**Information shown**
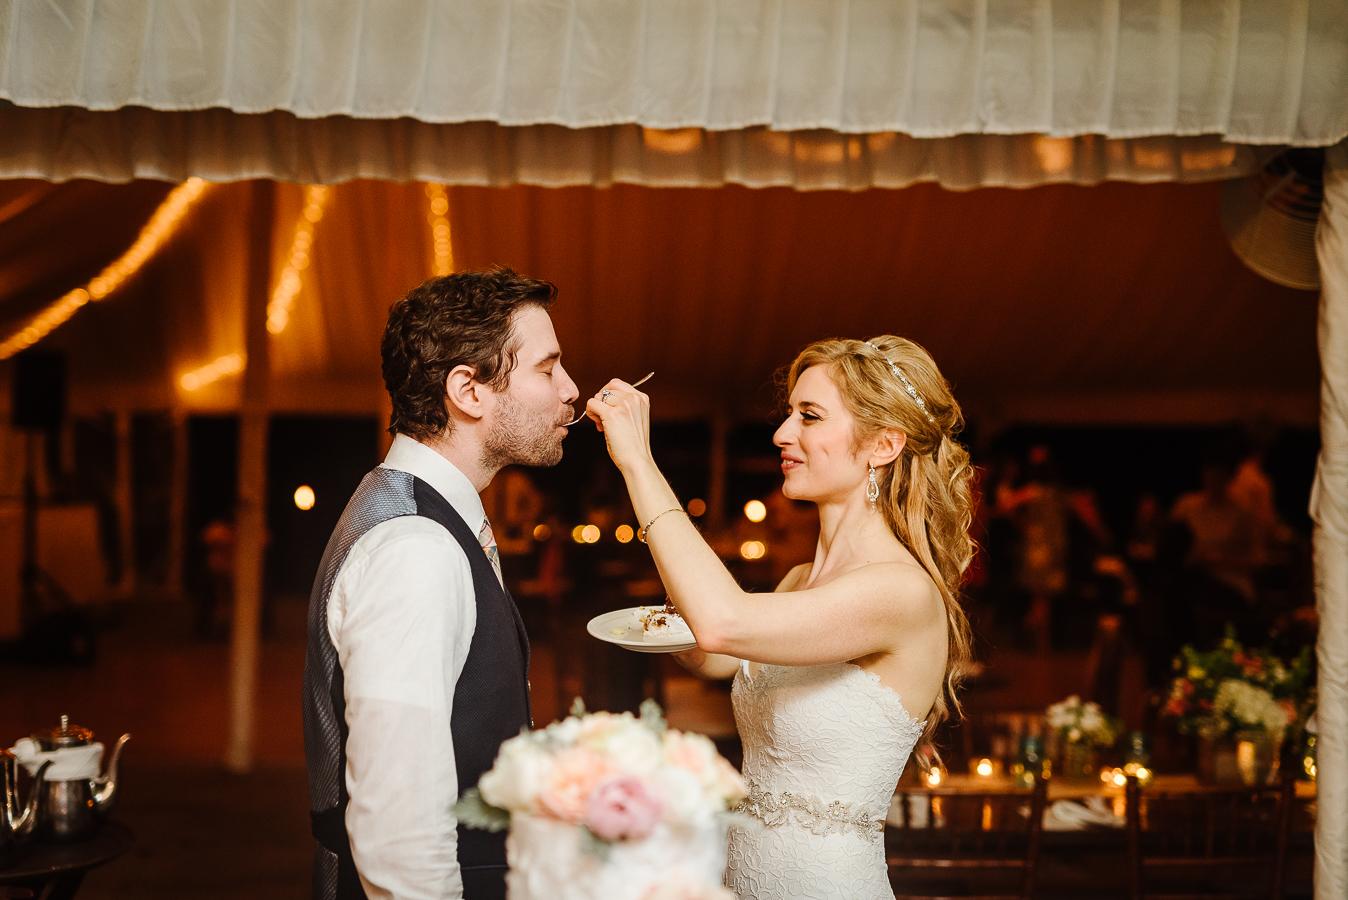 Stylish Crossed Keys Inn Wedding Crossed Keys Wedding Crossed Keys Inn Andover NJ Longbrook Photography-92.jpg
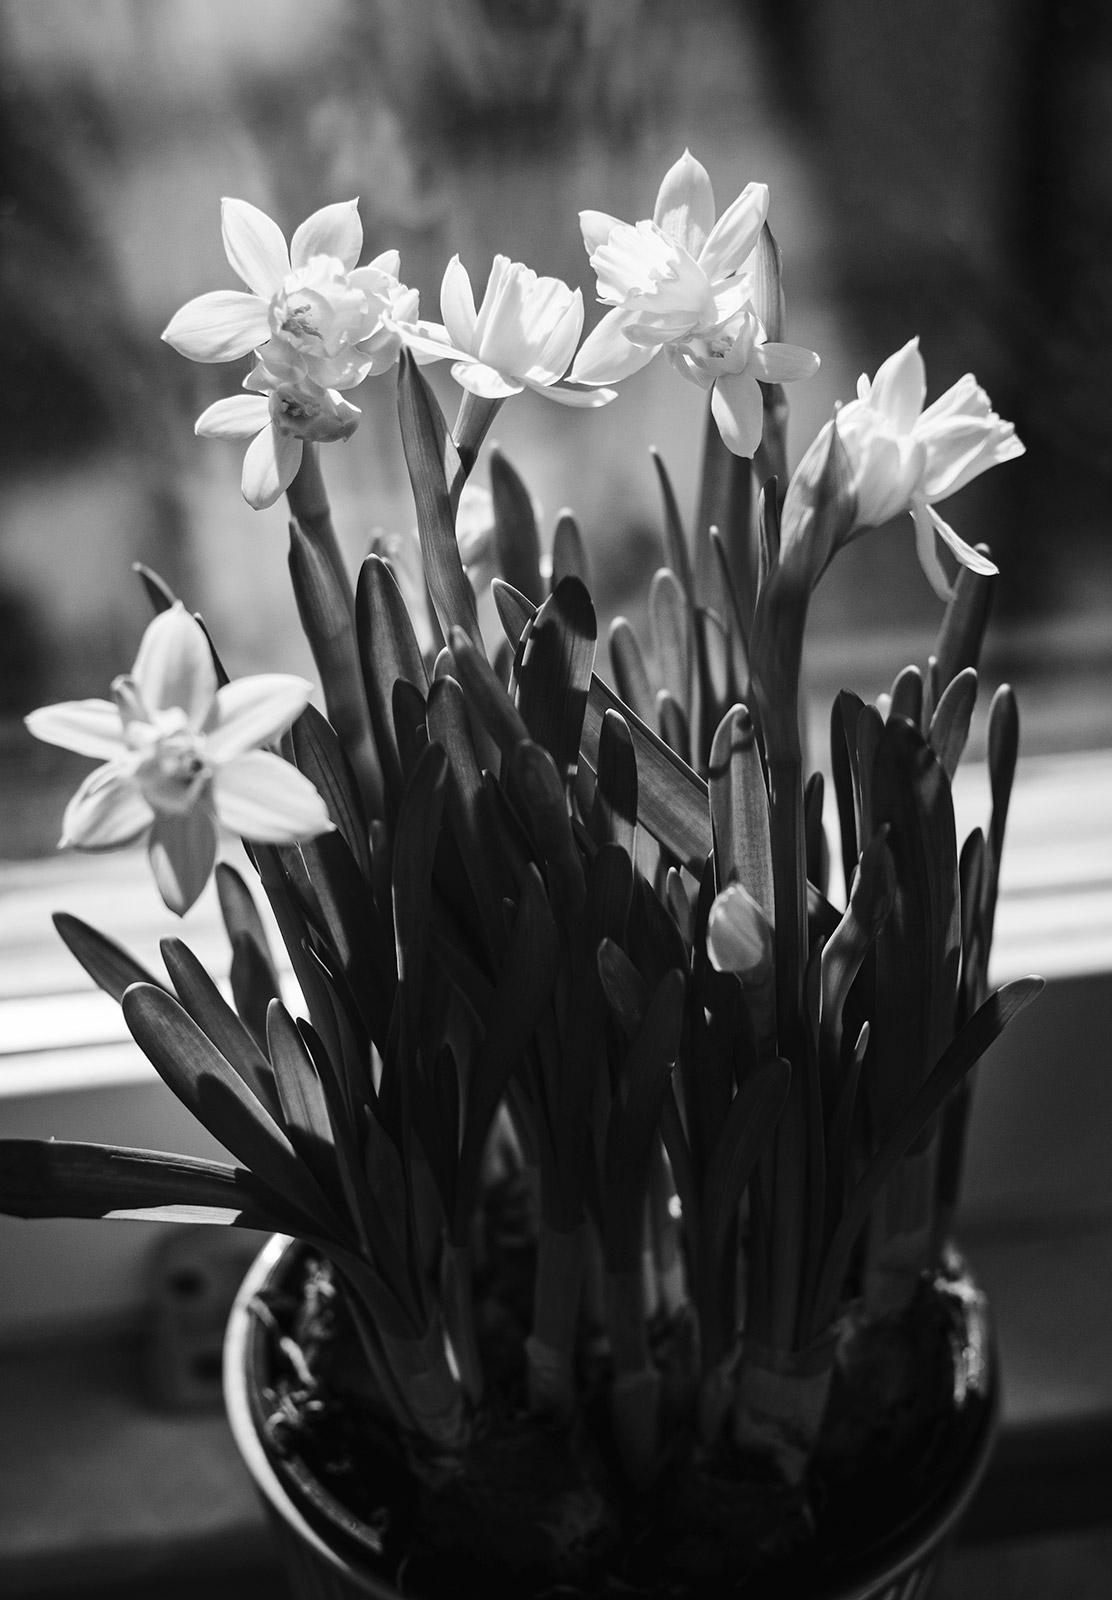 Sun on daffodils
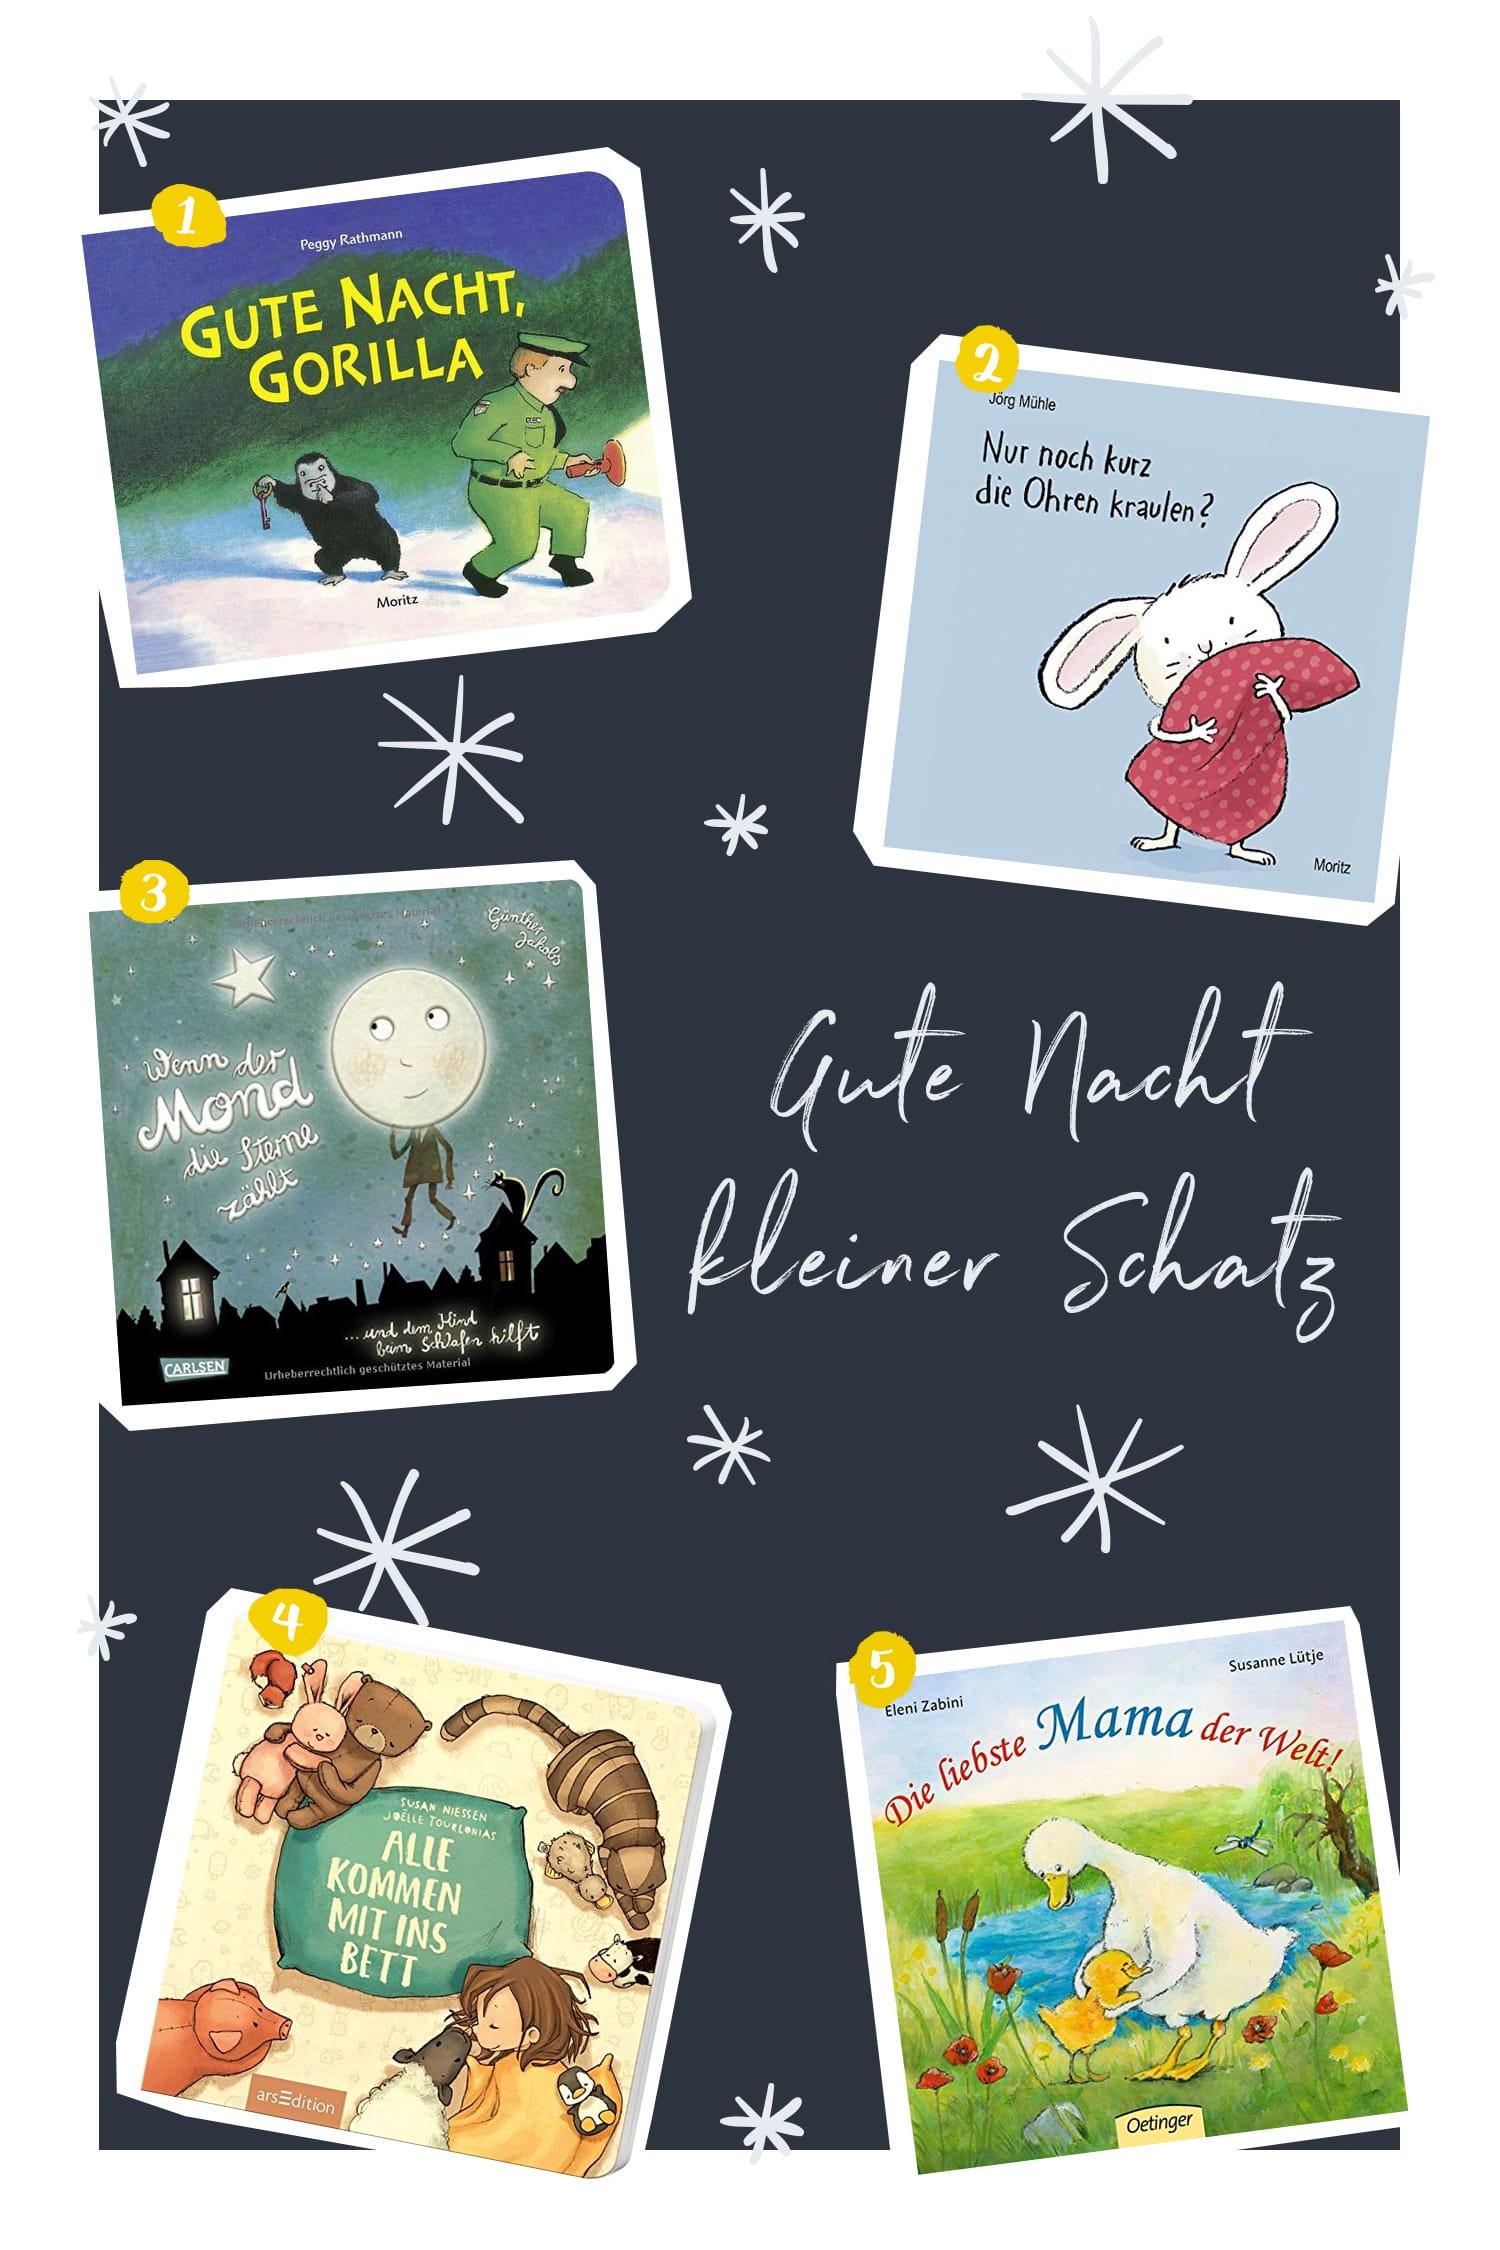 Gute Nacht Bücher für Kleinkinder | Unsere Lieblingsbücher zum Einschlafen für 1 bis 2-jährige Kinder

**What is expected**
Transcribe the data exactly, minus any images.

**Response to this exercise**
 Stylish Crossed Keys Inn Wedding Crossed Keys Wedding Crossed Keys Inn Andover NJ Longbrook Photography-92.jpg
 Sun on daffodils
 Gute Nacht Bücher für Kleinkinder | Unsere Lieblingsbücher zum Einschlafen für 1 bis 2-jährige Kinder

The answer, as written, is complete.